2010 Today's Calculation Of Integral, 563
Determine the pair of constant numbers $ a,\ b,\ c$ such that for a quadratic function $ f(x) \equal{} x^2 \plus{} ax \plus{} b$, the following equation is identity with respect to $ x$.
\[ f(x \plus{} 1) \equal{} c\int_0^1 (3x^2 \plus{} 4xt)f'(t)dt\]
.
2023 Brazil Undergrad MO, 2
Let $a_n = \frac{1}{\binom{2n}{n}}, \forall n \leq 1$.

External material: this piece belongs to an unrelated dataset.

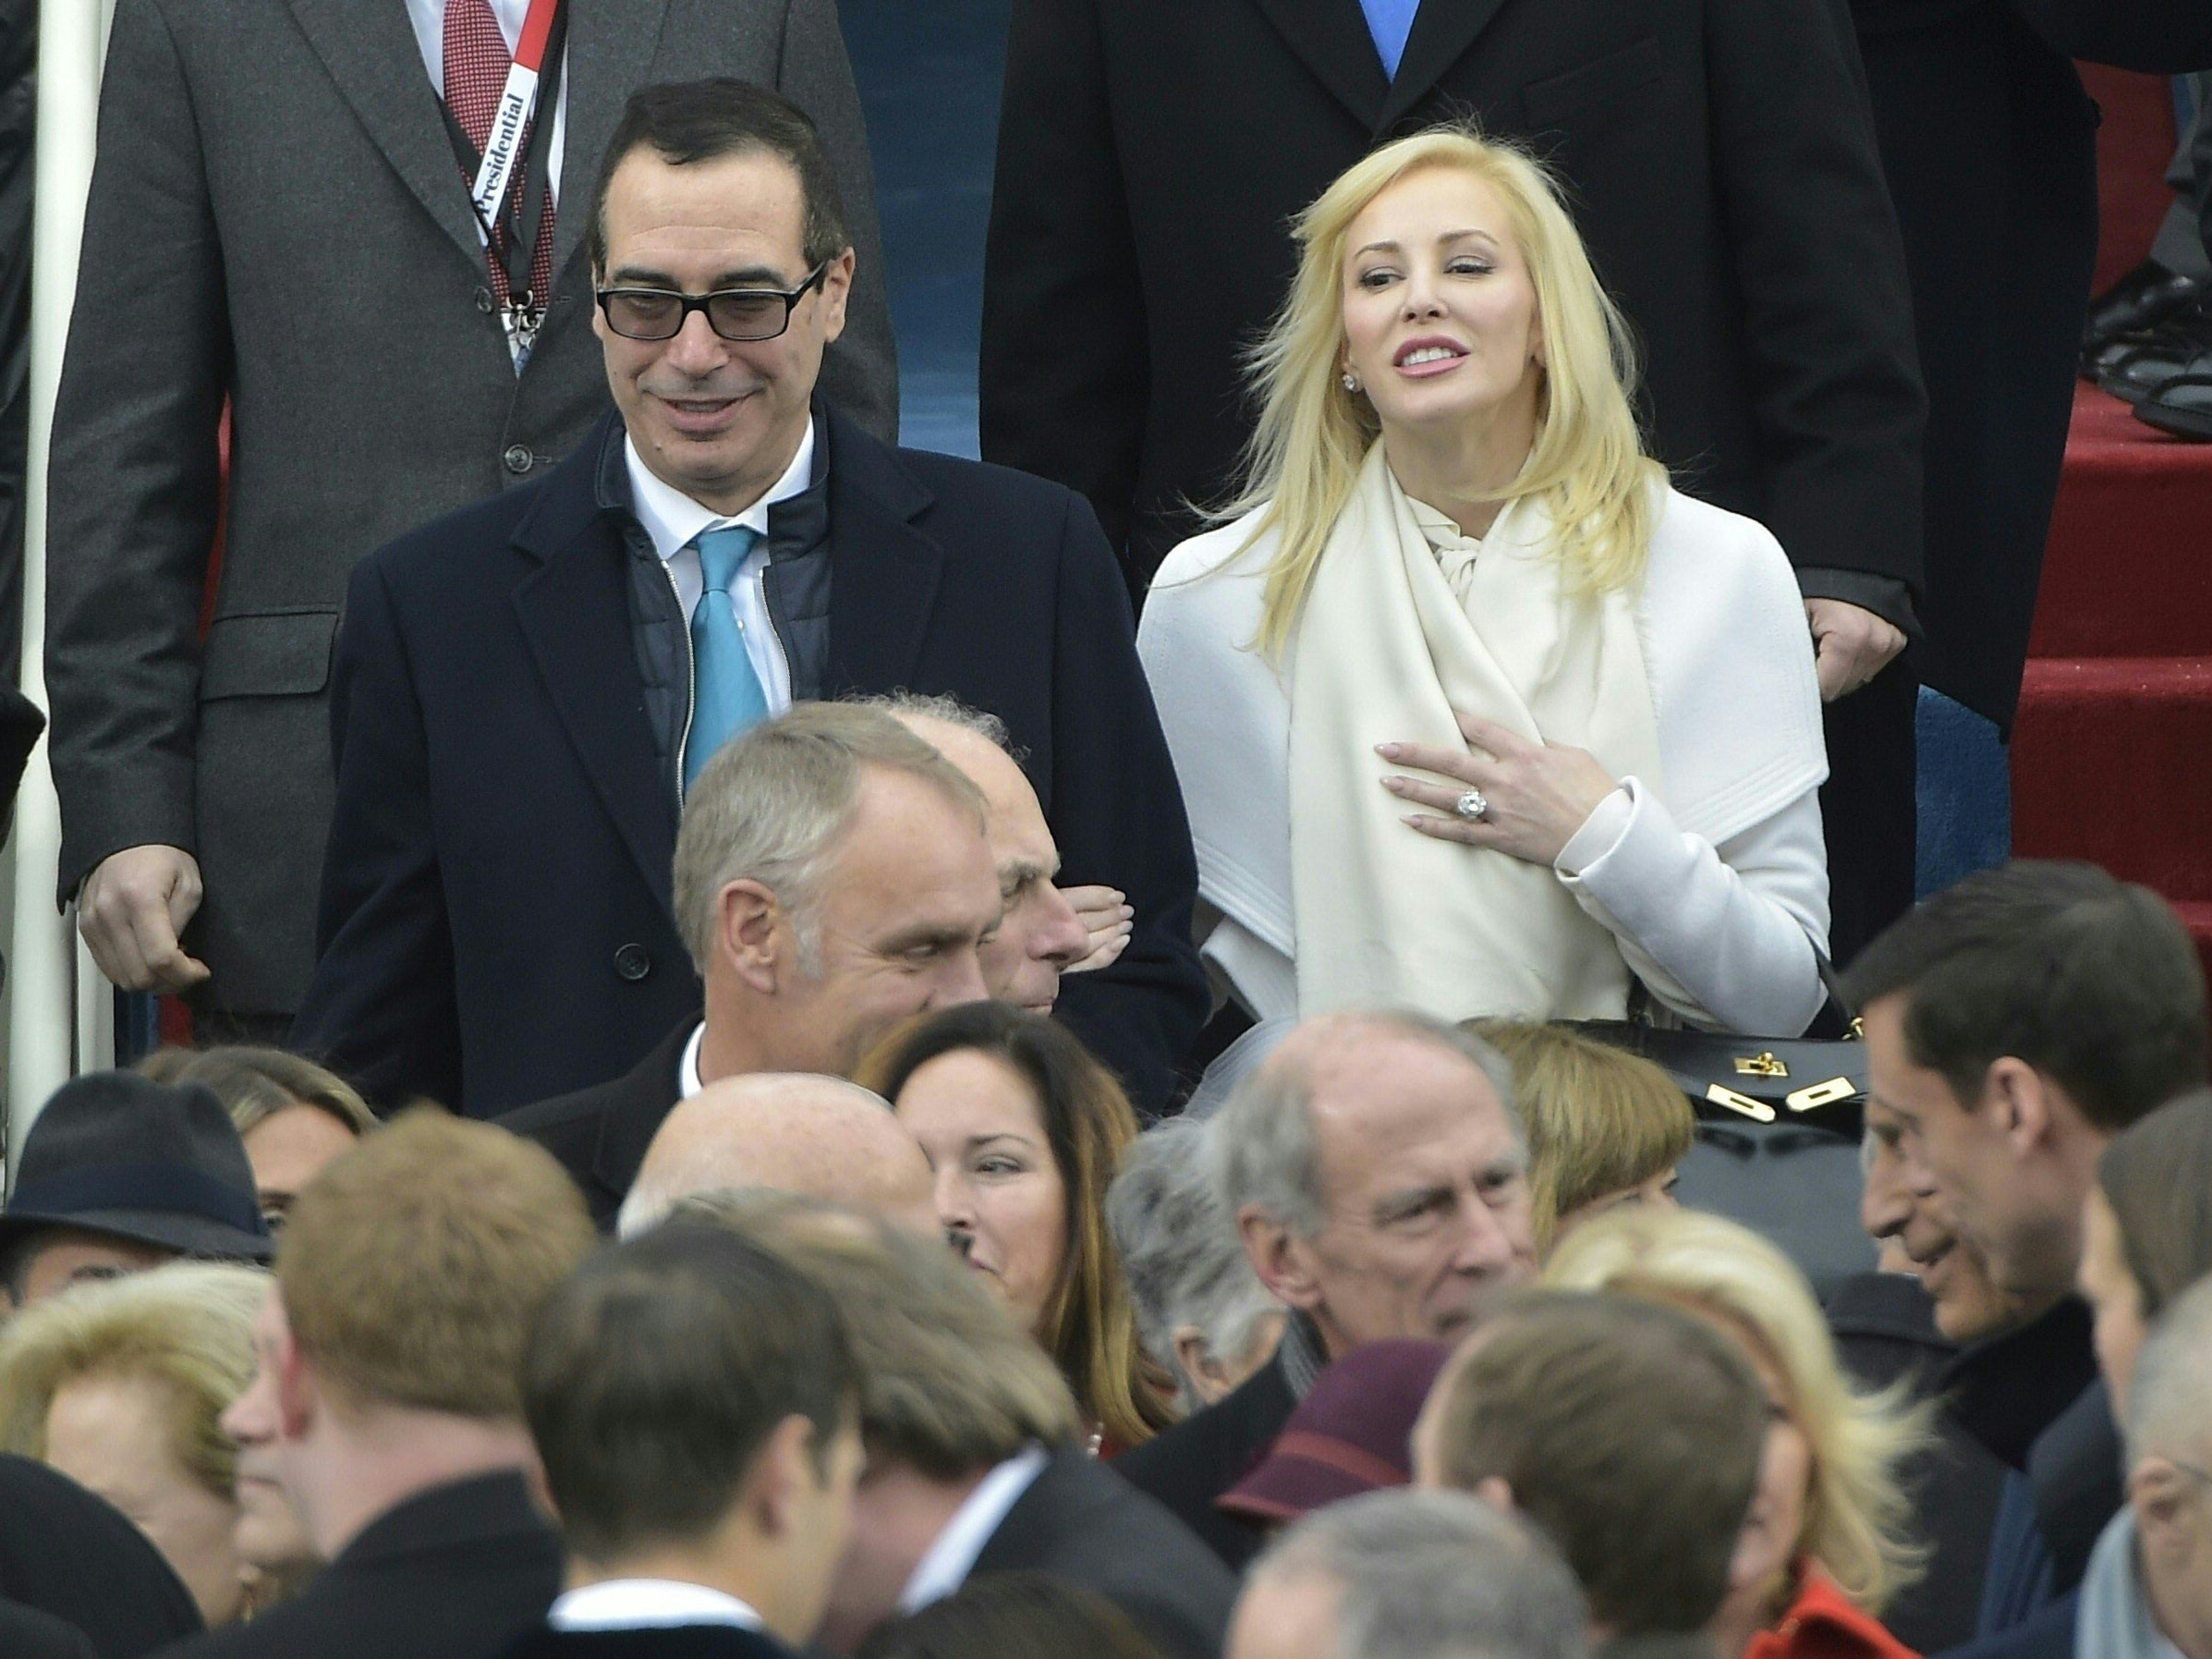 Mr Mnuchin, who has amassed a personal fortune of hundreds of millions of dollars, married Scottish actress Louise Linton in June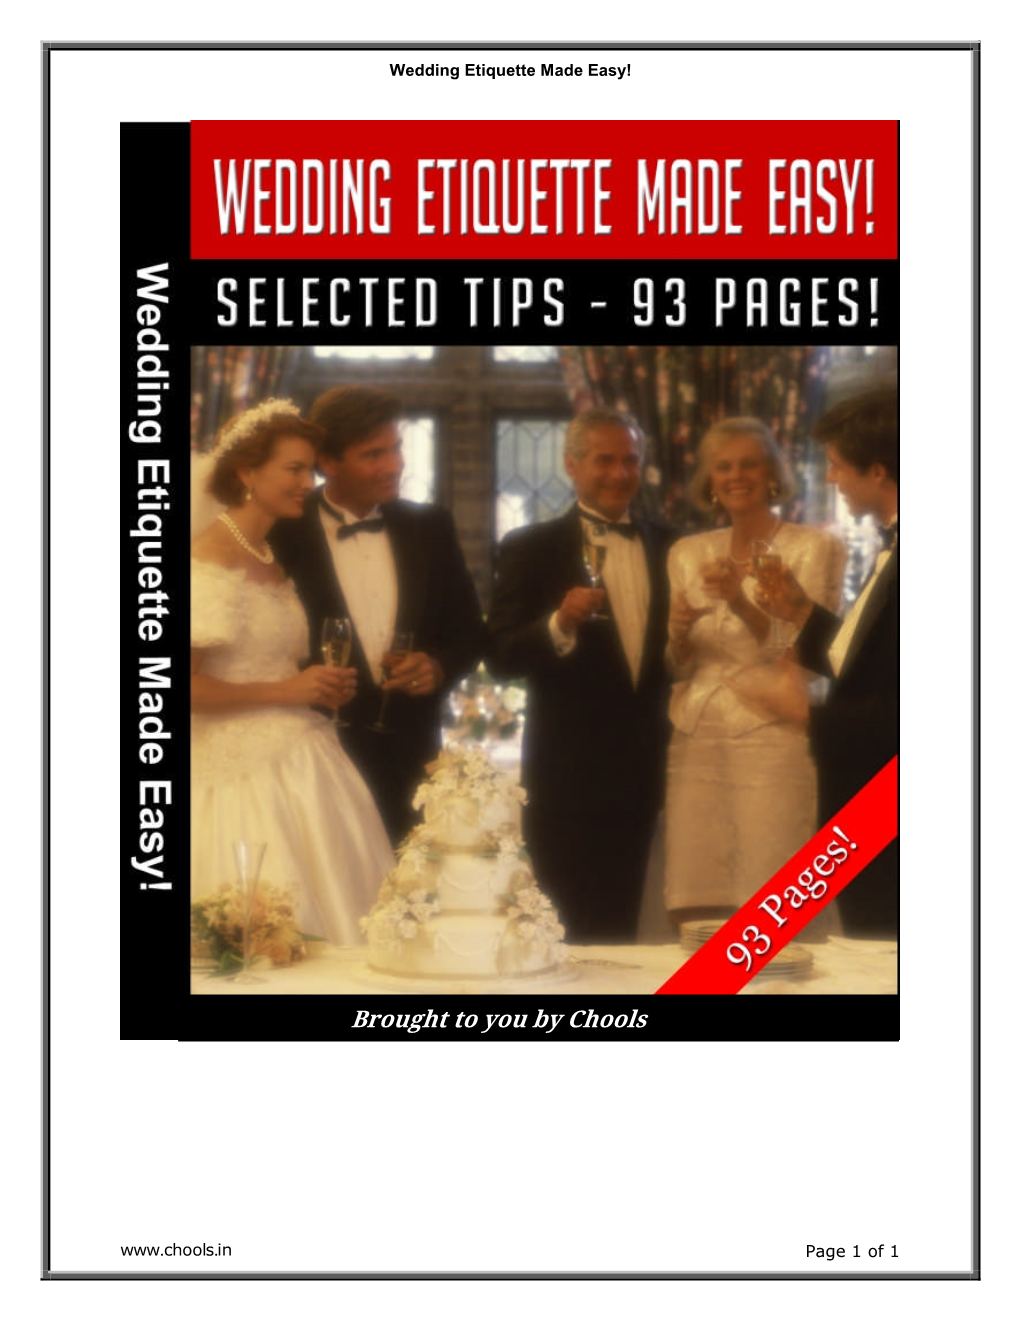 Miss Manners on Wedding Etiquette for Brides

a) Show that $\sum\limits_{n=1}^{+\infty}a_nx^n$ converges for all $x \in (-4, 4)$ and that the function $f(x) = \sum\limits_{n=1}^{+\infty}a_nx^n$ satisfies the differential equation $x(x - 4)f'(x) + (x + 2)f(x) = -x$.
b) Prove that $\sum\limits_{n=1}^{+\infty}\frac{1}{\binom{2n}{n}} = \frac{1}{3} + \frac{2\pi\sqrt{3}}{27}$.
2009 Iran Team Selection Test, 6
We have a closed path on a vertices of a $ n$×$ n$ square which pass from each vertice exactly once . prove that we have two adjacent vertices such that if we cut the path from these points then length of each pieces is not less than quarter of total path .
2006 Federal Competition For Advanced Students, Part 1, 4
Given is the function $ f\equal{} \lfloor x^2 \rfloor \plus{} \{ x \}$ for all positive reals $ x$. ( $ \lfloor x \rfloor$ denotes the largest integer less than or equal $ x$ and $ \{ x \} \equal{} x \minus{} \lfloor x \rfloor$.)
Show that there exists an arithmetic sequence of different positive rational numbers, which all have the denominator $ 3$, if they are a reduced fraction, and don’t lie in the range of the function $ f$.